Should I use AMBER or CHARMM force fields?
For standard protein simulations, AMBER14-SB is recommended and well-validated. CHARMM36 offers advantages for membrane simulations due to superior lipid parameters. Both produce reasonable results for most proteins—the differences are typically smaller than uncertainties from other sources (sampling, starting structure quality).
How do I know if my simulation is stable?
Check these indicators:
Energy stays within normal fluctuation range (no spikes or drift)

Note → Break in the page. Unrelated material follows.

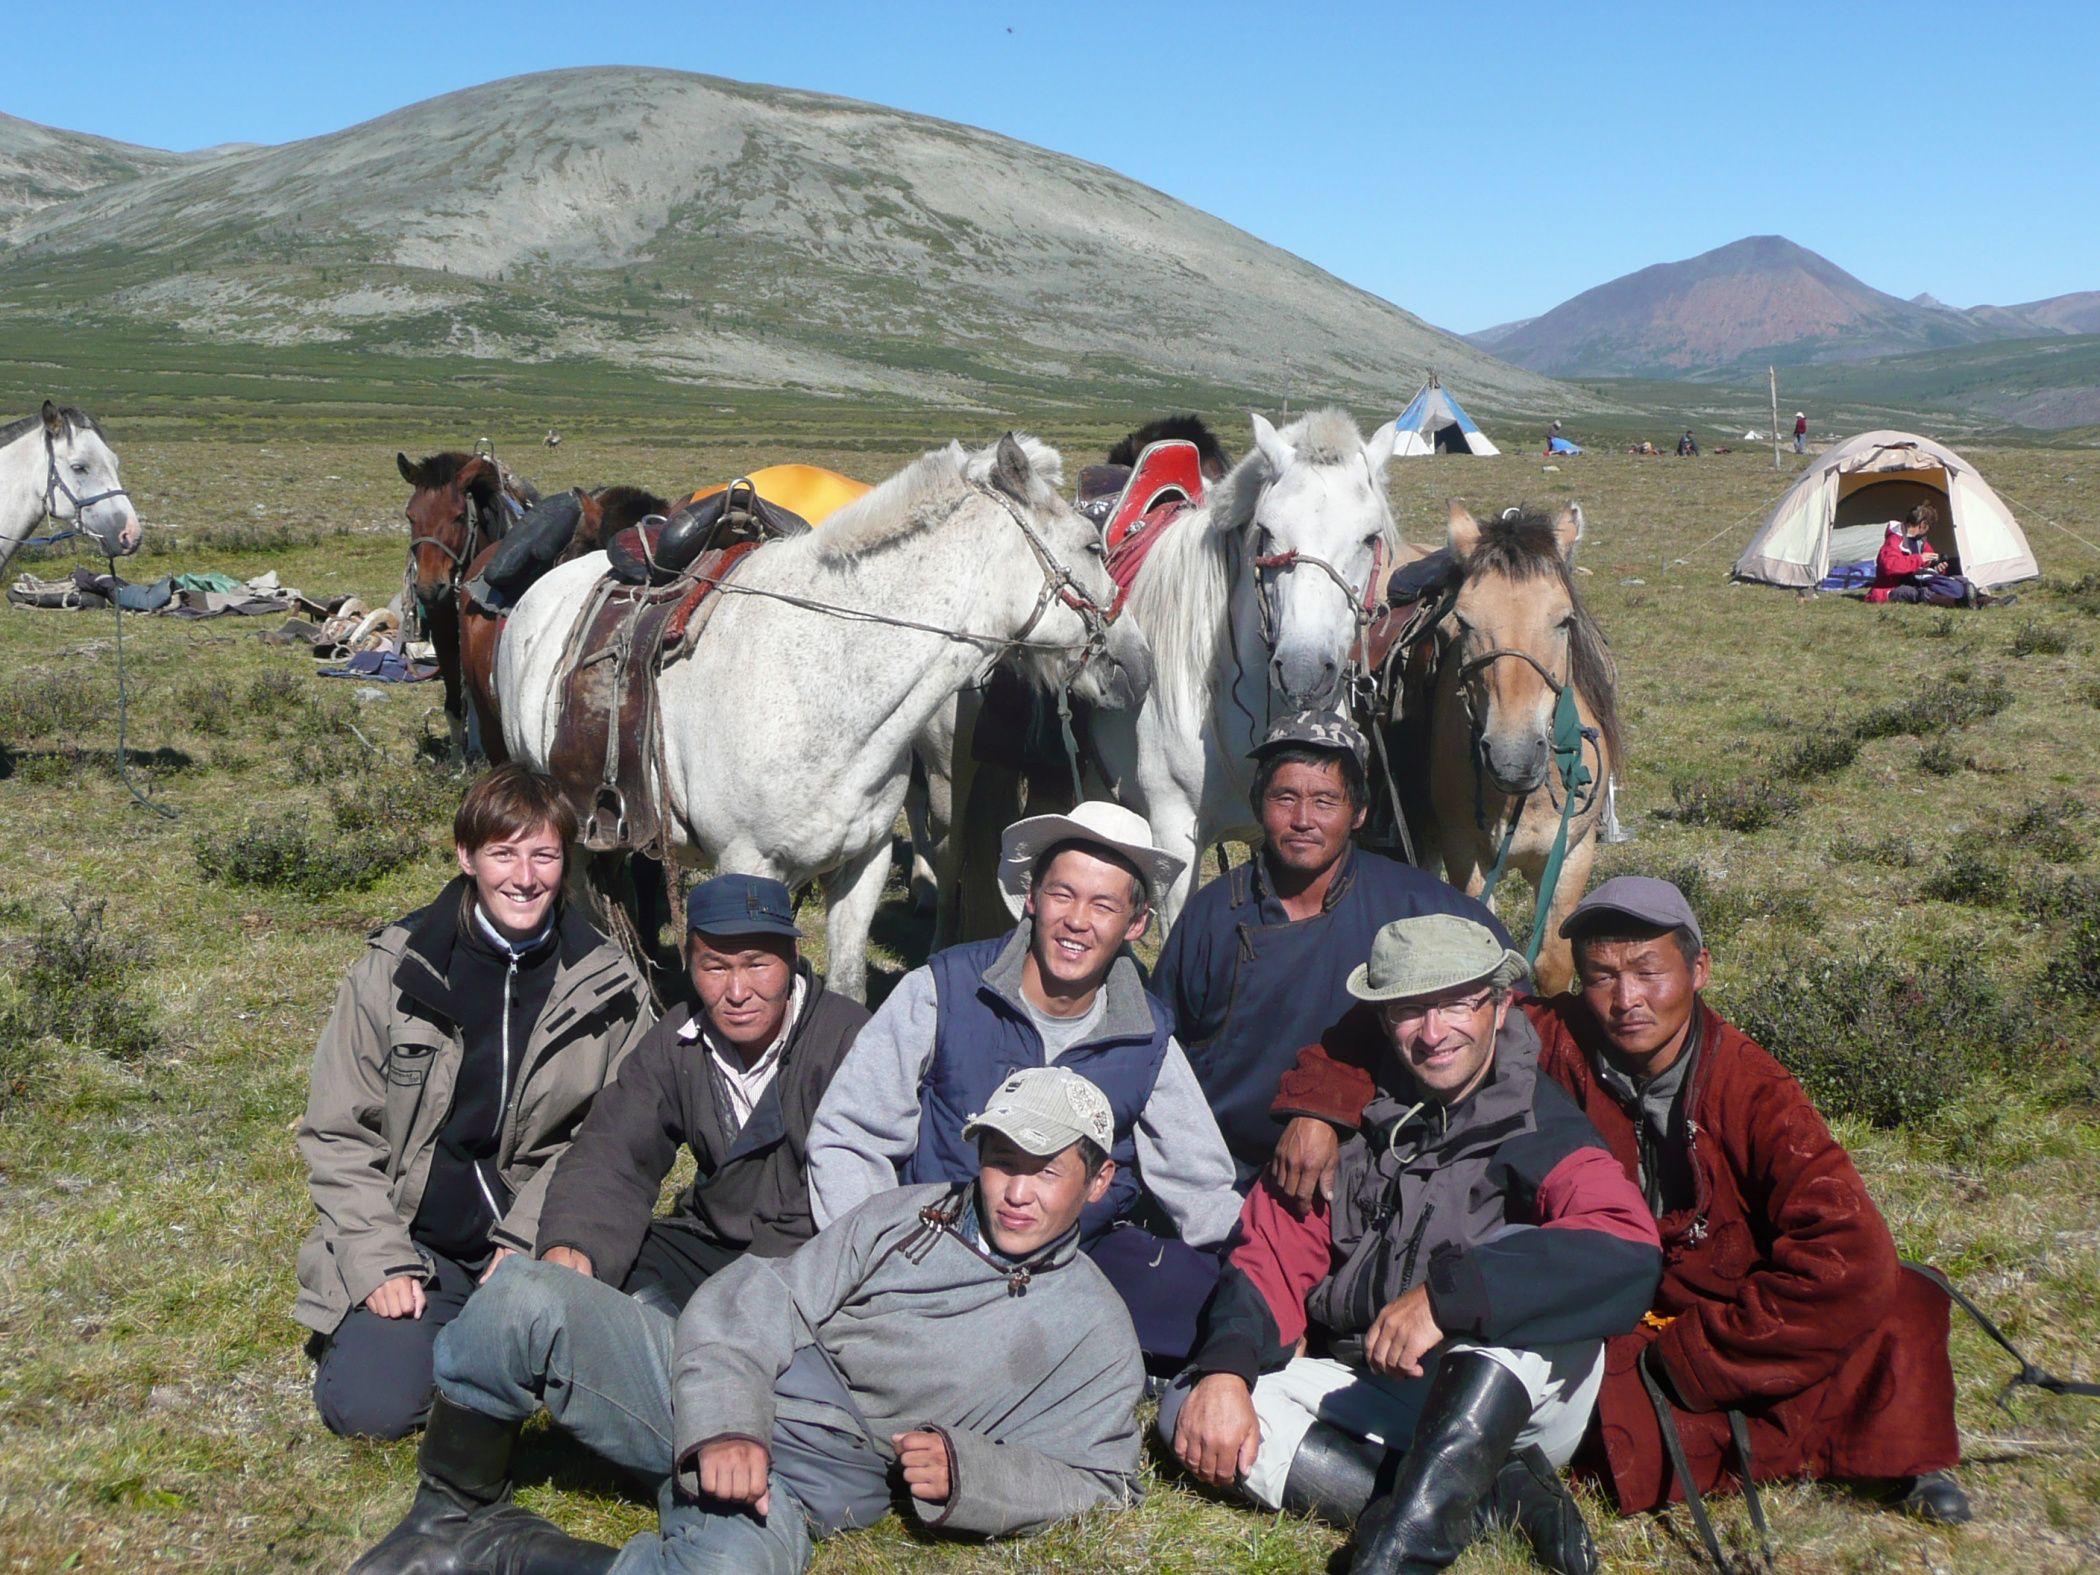 Les gitans de la Taïga C'est en partie à cheval, en plein coeur de la Taïga…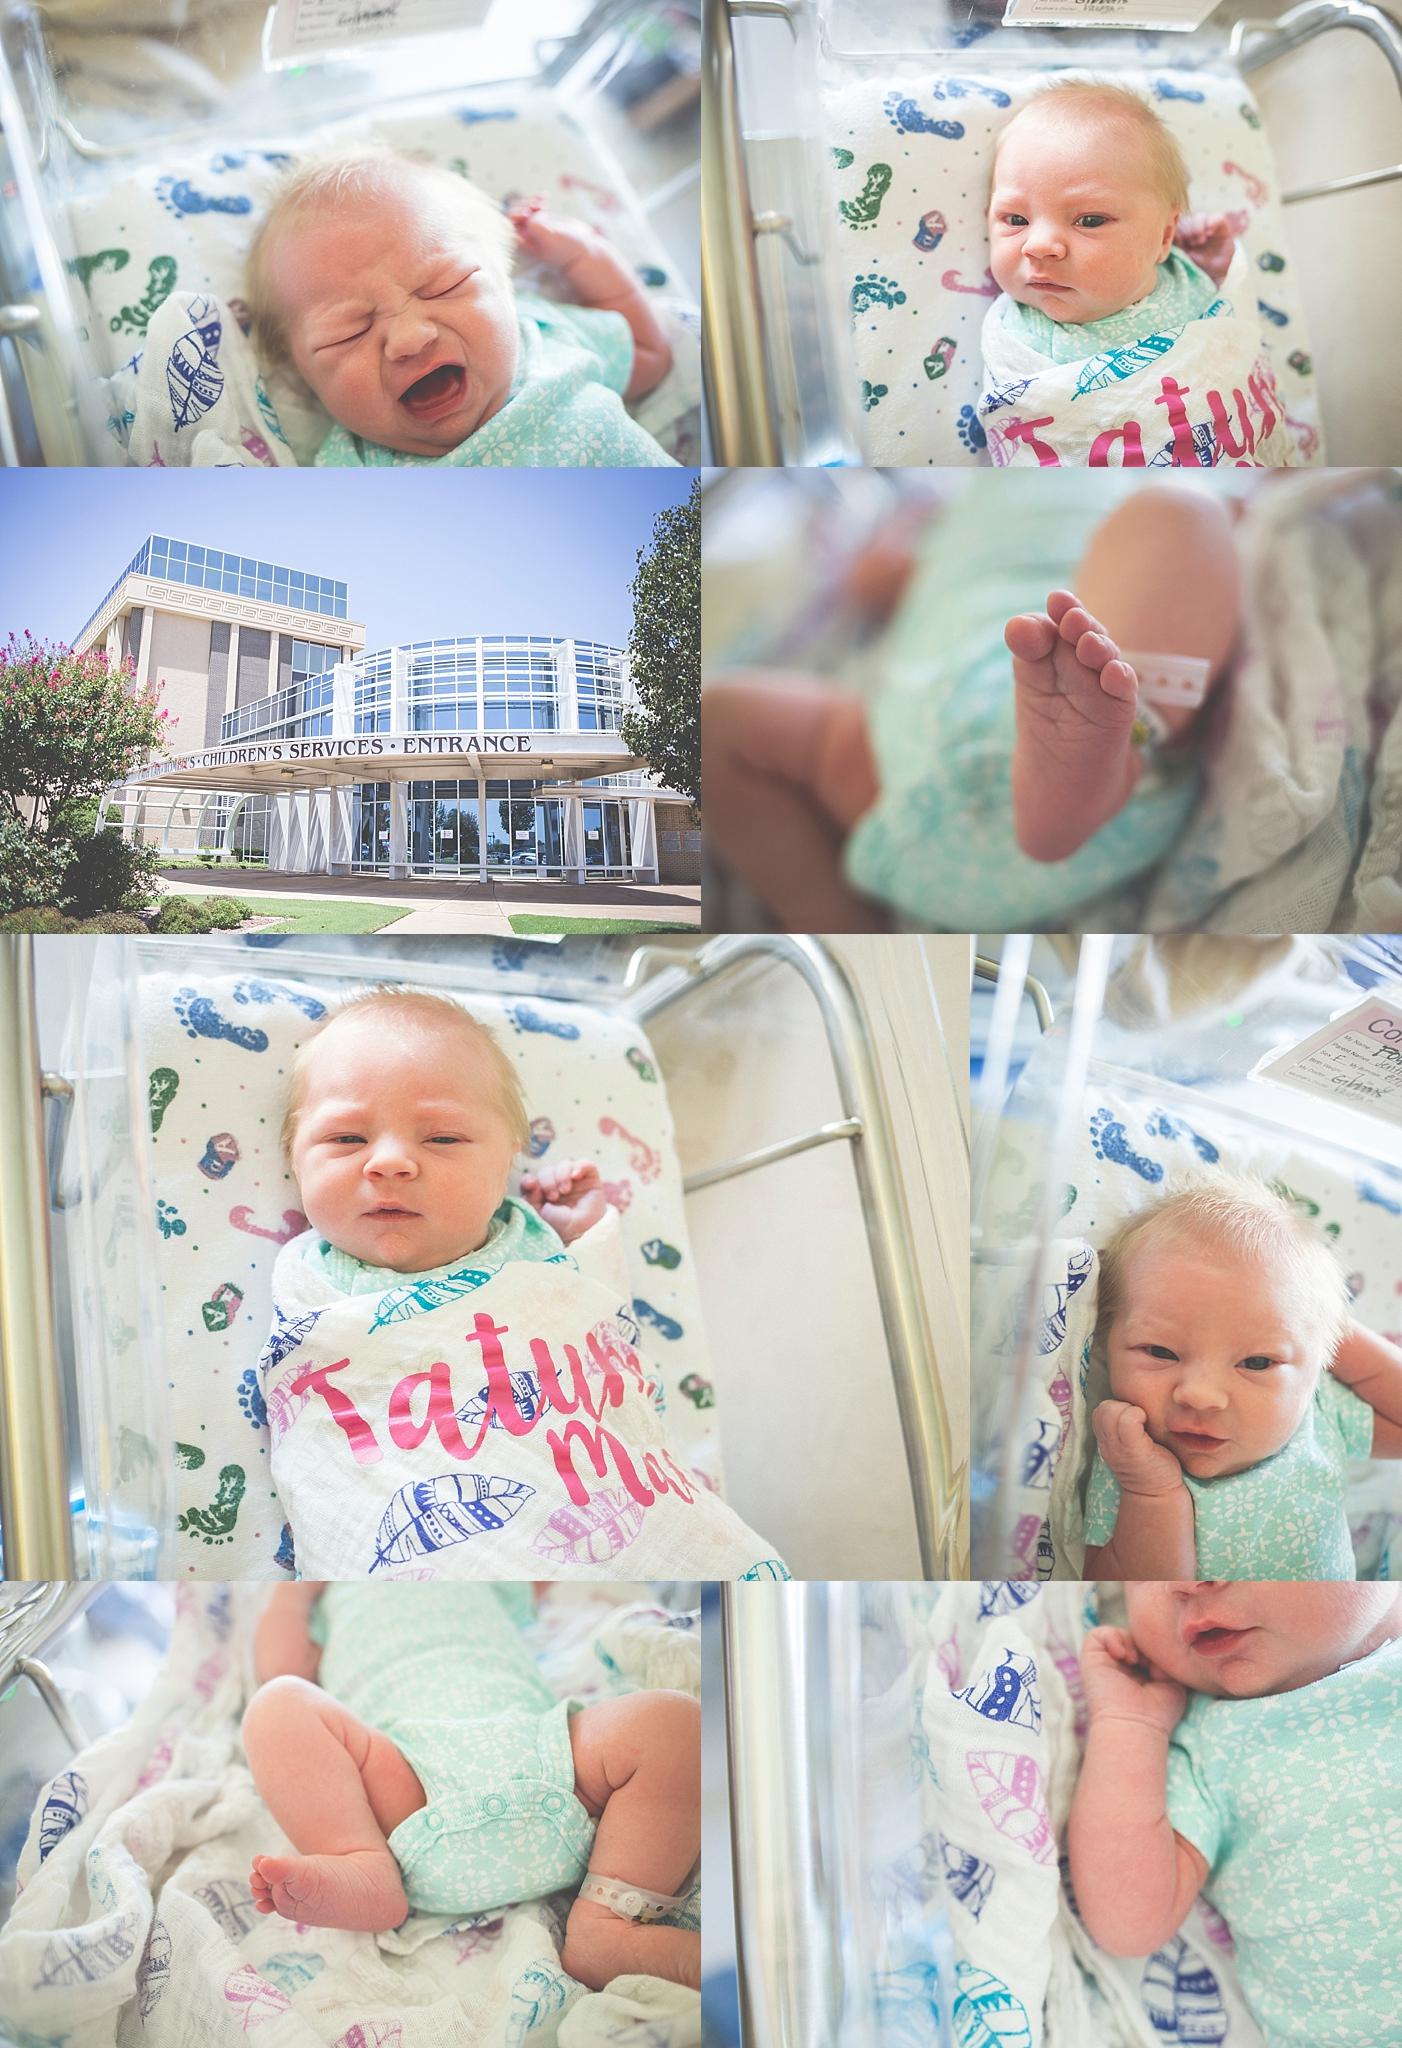 hospital-newborn-girl-photos-jefferson-city-columbia-como-missouri-studio-newborn-baby-photography.jpg

Temperature fluctuates around target value
RMSD plateaus rather than continuously increasing
Visual inspection shows no unfolding or unrealistic motions
Can I simulate protein-ligand complexes?
Yes, when the uploaded PDB/mmCIF already contains both protein and ligand coordinates. The optional ligand slot accepts an SDF or MOL2 file for the same embedded ligand so OpenMM can generate OpenFF parameters for common organic small molecules. It is not a docking or placement step, and metal-containing ligands or coordination complexes require custom force-field parameters outside this tool.
What should I do if the simulation crashes?
Most crashes result from bad starting structures. Try:
Ensure all atoms have valid force field parameters
For ligand complexes, confirm the ligand is embedded in the structure and matches the uploaded SDF/MOL2 file
How much conformational sampling do I need?
This depends on your question:
Stability check: 1-10 ns suffices to detect major problems
Local flexibility: 10-50 ns captures side chain rotations and loop motions
Domain motions: 50-100 ns may capture larger conformational changes
Rare events: Enhanced sampling methods may be needed for processes slower than 100 ns
Can I continue a simulation from where it left off?
Not currently through the web interface. Each simulation starts fresh from the uploaded structure. For extended sampling, run successive simulations starting from the final frame of previous runs.
References
Eastman, P., Galvelis, R., et al. (2024). OpenMM 8: Molecular Dynamics Simulation with Machine Learning Potentials. J. Phys. Chem. B, 128(1), 109-116. DOI: 10.1021/acs.jpcb.3c06662
Maier, J.A., et al. (2015). ff14SB: Improving the Accuracy of Protein Side Chain and Backbone Parameters from ff99SB. J. Chem. Theory Comput., 11(8), 3696-3713.
Huang, J., et al. (2017). CHARMM36m: an improved force field for folded and intrinsically disordered proteins. Nat. Methods, 14, 71-73.